Необходимо коснуться еще одной, собственно литературоведческой проблемы – проблемы отождествления позиции героя с позицией автора. В какой степени Достоевский полемизировал с Иваном Карамазовым, а в какой проговаривался в нем? Конечно, в рамках настоящей статьи ответа на этот вопрос мы не дадим, но очертить его общий контур будет полезно: в публицистических спорах принадлежность аргумента о «слезинке ребенка» неизменно играет важную роль. Хорошо известно письмо Достоевского сотруднику редакции «Русского вестника» Н. А. Любимову от 11 июня 1879 года, где писатель дает развернутый комментарий к «Pro и contra». Согласно этому письму, Иван Карамазов в целом был задуман автором романа как идеальный тип «современного отрицателя», своего рода эволюционировавшая форма молодого русского социалиста, которому настоящие социалисты не годятся в подметки. Нравственная проповедь Ивана охарактеризована Достоевским в этом письме как дьявольская. Слова Ивана буквально приравнены к словам Зверя, вышедшего из моря (писатель вспоминает 13 главу «Откровения Иоанна Богослова»: «И даны были ему уста, говорящие гордо и богохульно…»). При этом нельзя не заметить, что ужас перед собственным персонажем смешивается в рассказе Достоевского с плохо скрываемым восхищением:
…наши социалисты (а они не одна только подпольная нигилятина, – Вы знаете это) сознательные иезуиты и лгуны, не признающиеся, что идеал их есть идеал насилия над человеческой совестью и низведения человечества до стадного скота, а мой социалист (Иван Карамазов) – человек искренний, который прямо признается, что согласен с взглядом «Великого Инквизитора» на человечество и что Христова вера (будто бы) вознесла человека гораздо выше, чем стоит он на самом деле [Акад. ПСС, XXXI, 68].
В бумагах писателя также сохранились наброски ответа на «Письмо Ф. М. Достоевскому» К. Д. Кавелина, опубликованное в 1880 году «Вестником Европы»228. Здесь Достоевский вновь вспоминает об Иване Карамазове, обосновывая свои глубокие христианские убеждения:
Инквизитор и глава о детях. Ввиду этих глав вы бы [т. е. Кавелин] могли отнестись ко мне хотя и научно, но не столь высокомерно по части философии, хотя философия и не моя специальность. И в Европе такой силы атеистических выражений нет и не было. Стало быть, не как мальчик же я верую во Христа и его исповедую, а через большое горнило сомнений моя осанна прошла, как говорит у меня же, в том же романе, черт [Акад. ПСС, XXVII, 86]229.

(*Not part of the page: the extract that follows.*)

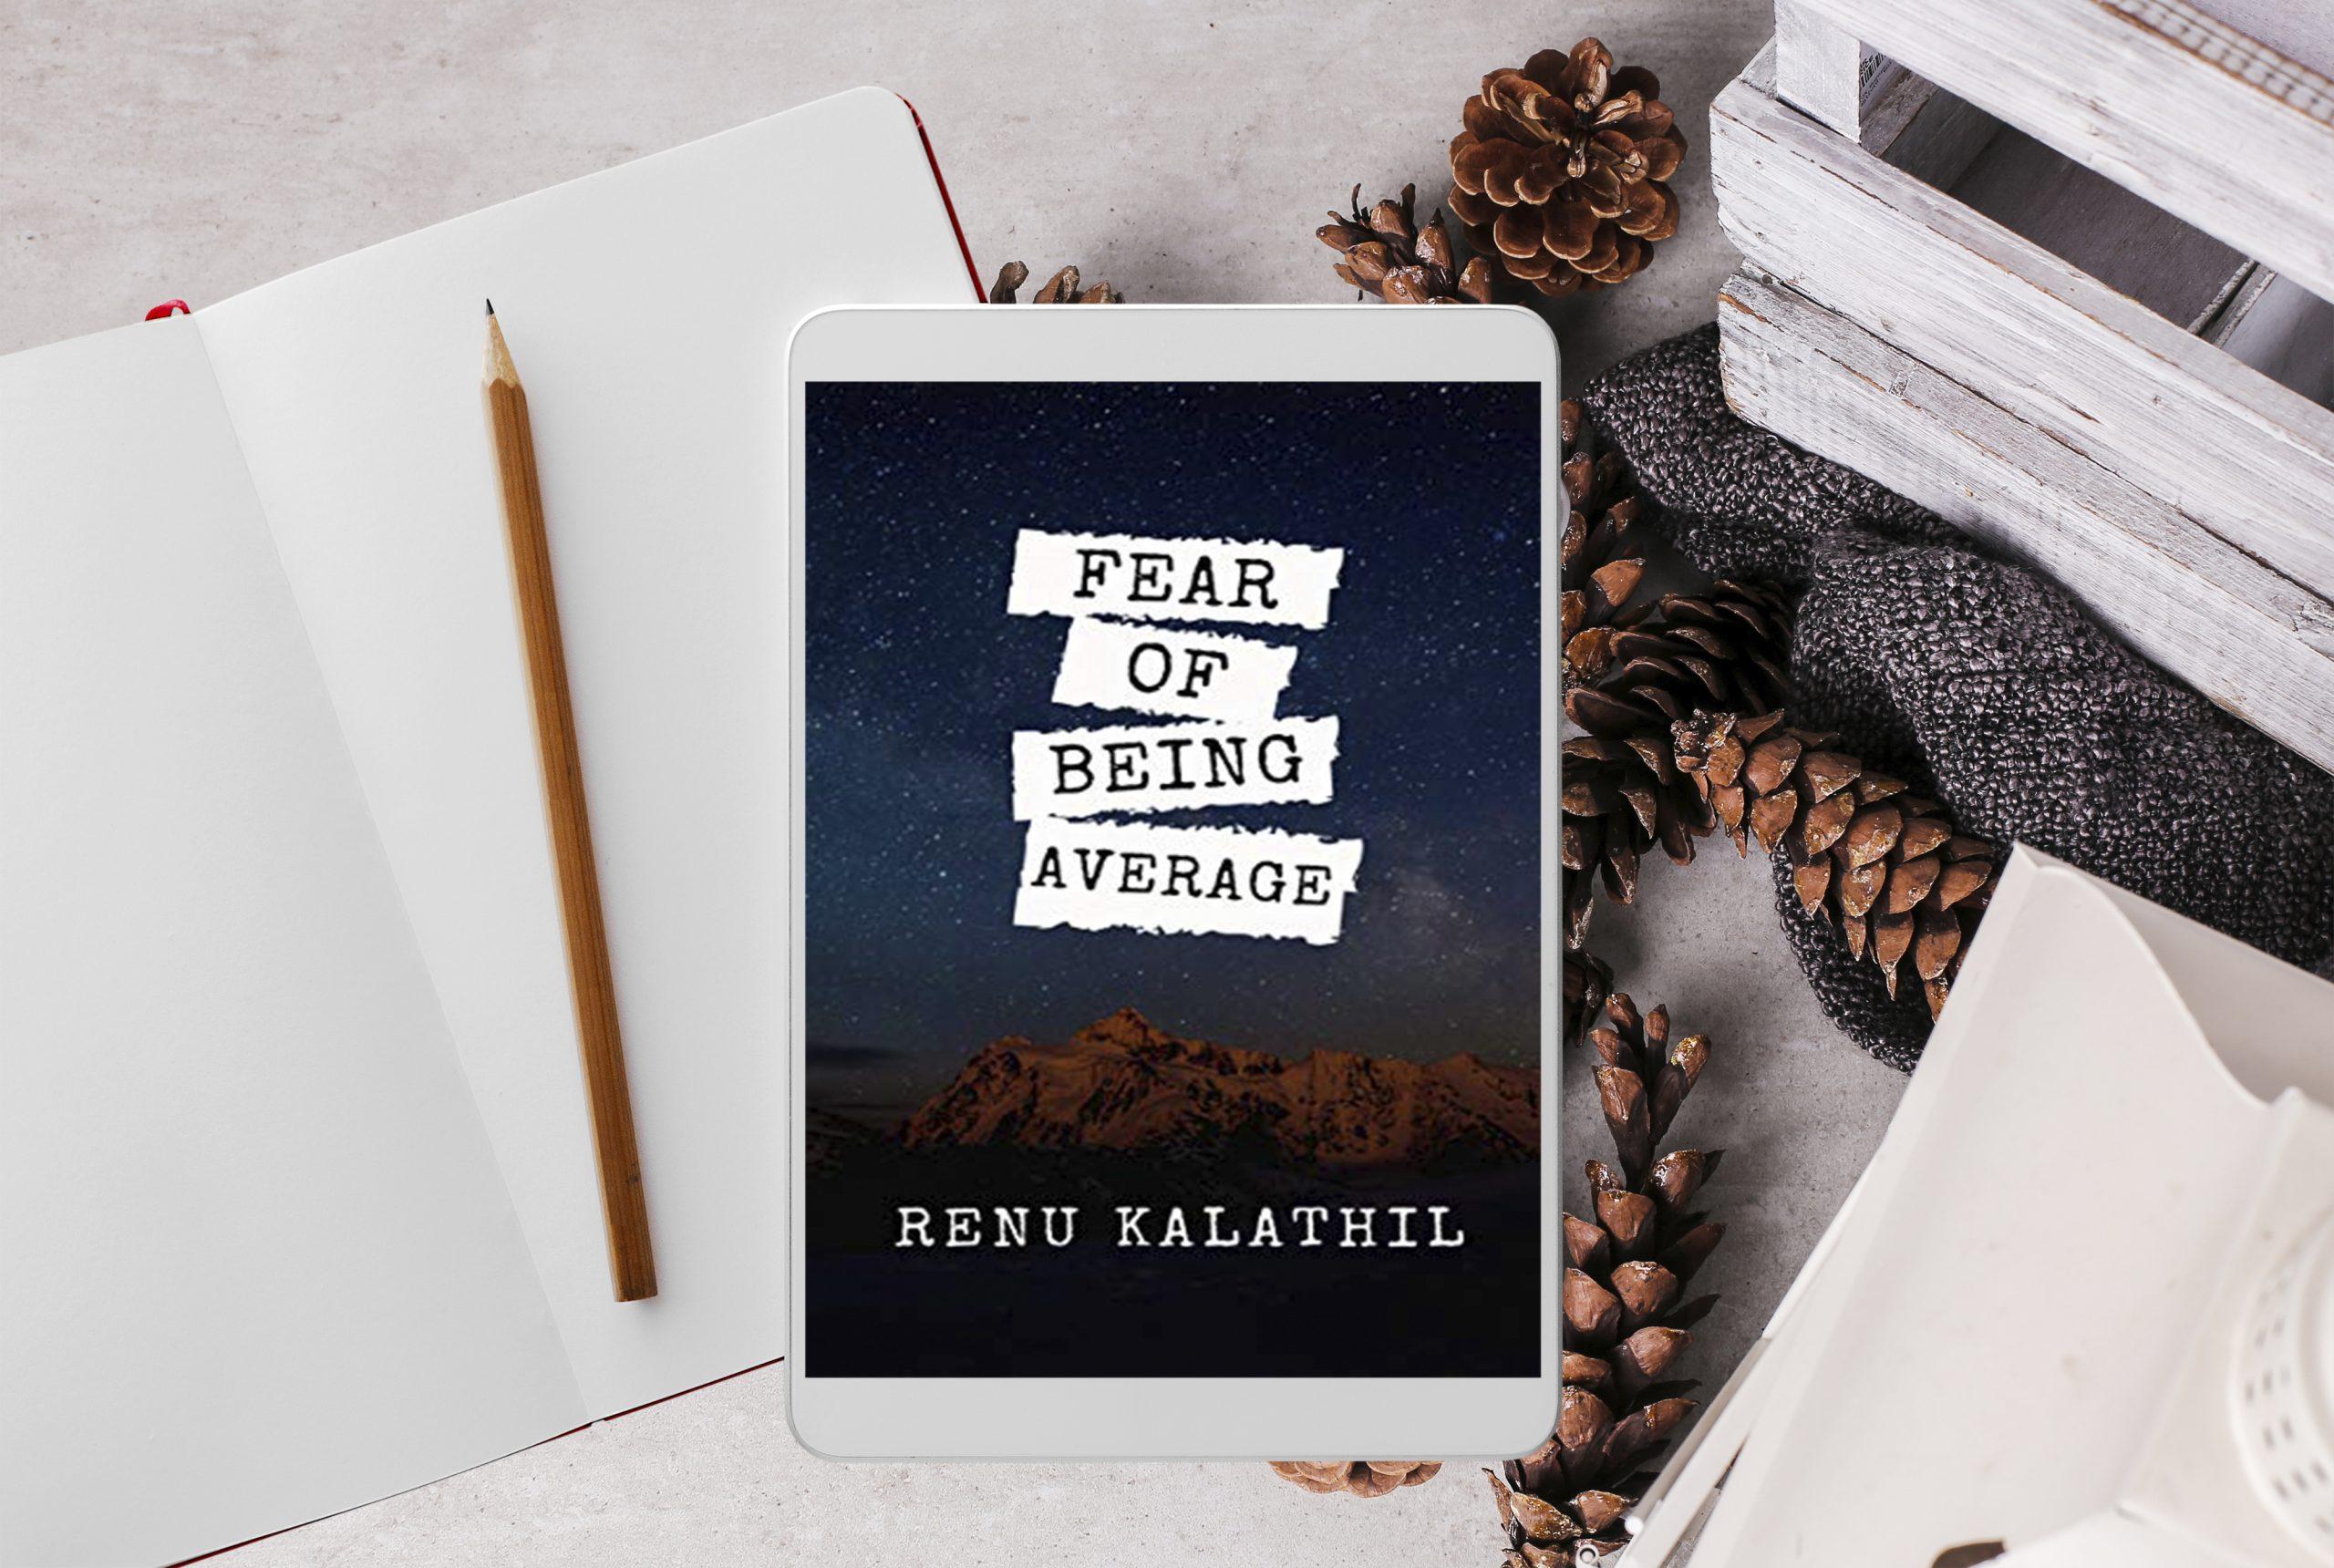 Fear Of Being Average by Renu Kalathil

Приведенный набросок смыкается по содержанию с дневниковой записью 1881 года:
«Карамазовы». Мерзавцы дразнили меня необразованною и ретроградною верою в Бога. Этим олухам и не снилось такой силы отрицание Бога, какое положено в Инквизиторе и в предшествовавшей главе, которому ответом служит весь роман. Не как дурак же, фанатик, я верую в Бога. И эти хотели меня учить и смеялись над моим неразвитием. Да их глупой природе и не снилось такой силы отрицание, которое перешел я. Им ли меня учить [Там же, 48].
Еще определеннее Достоевский высказывается в одной из своих записей 1876 года, очевидно, появившейся в процессе работы над февральским выпуском «Дневника писателя». Отдельная глава в нем была посвящена суду над С. Л. Кроненбергом (Кронебергом), обвинявшимся в регулярном истязании собственной дочери. По этому случаю Достоевский вспоминает малолетнего французского дофина Луи-Шарля, сына казненного революционерами Людовика XVI. Рядом государств Луи-Шарль был признан в качестве легитимного монарха Людовика XVII. После низложения своего отца мальчик был заточен в крепости Тампль, где подвергался жестокому обращению и в возрасте десяти лет умер от туберкулеза.
Людовик 17‐й. Этот ребенок должен быть замучен для блага нации. Люди некомпетентны. Это Бог. В идеале общественная совесть должна сказать: пусть погибнем мы все, если спасение наше зависит лишь от замученного ребенка, – и не принять этого спасения. Этого нельзя, но высшая справедливость должна быть та. Логика событий действительных, текущих, злоба дня не та, что высшей идеально-отвлеченной справедливости, хотя эта идеальная справедливость и есть всегда и везде единственное начало жизни, дух жизни, жизнь жизни [Акад. ПСС, XXIV, 137]230.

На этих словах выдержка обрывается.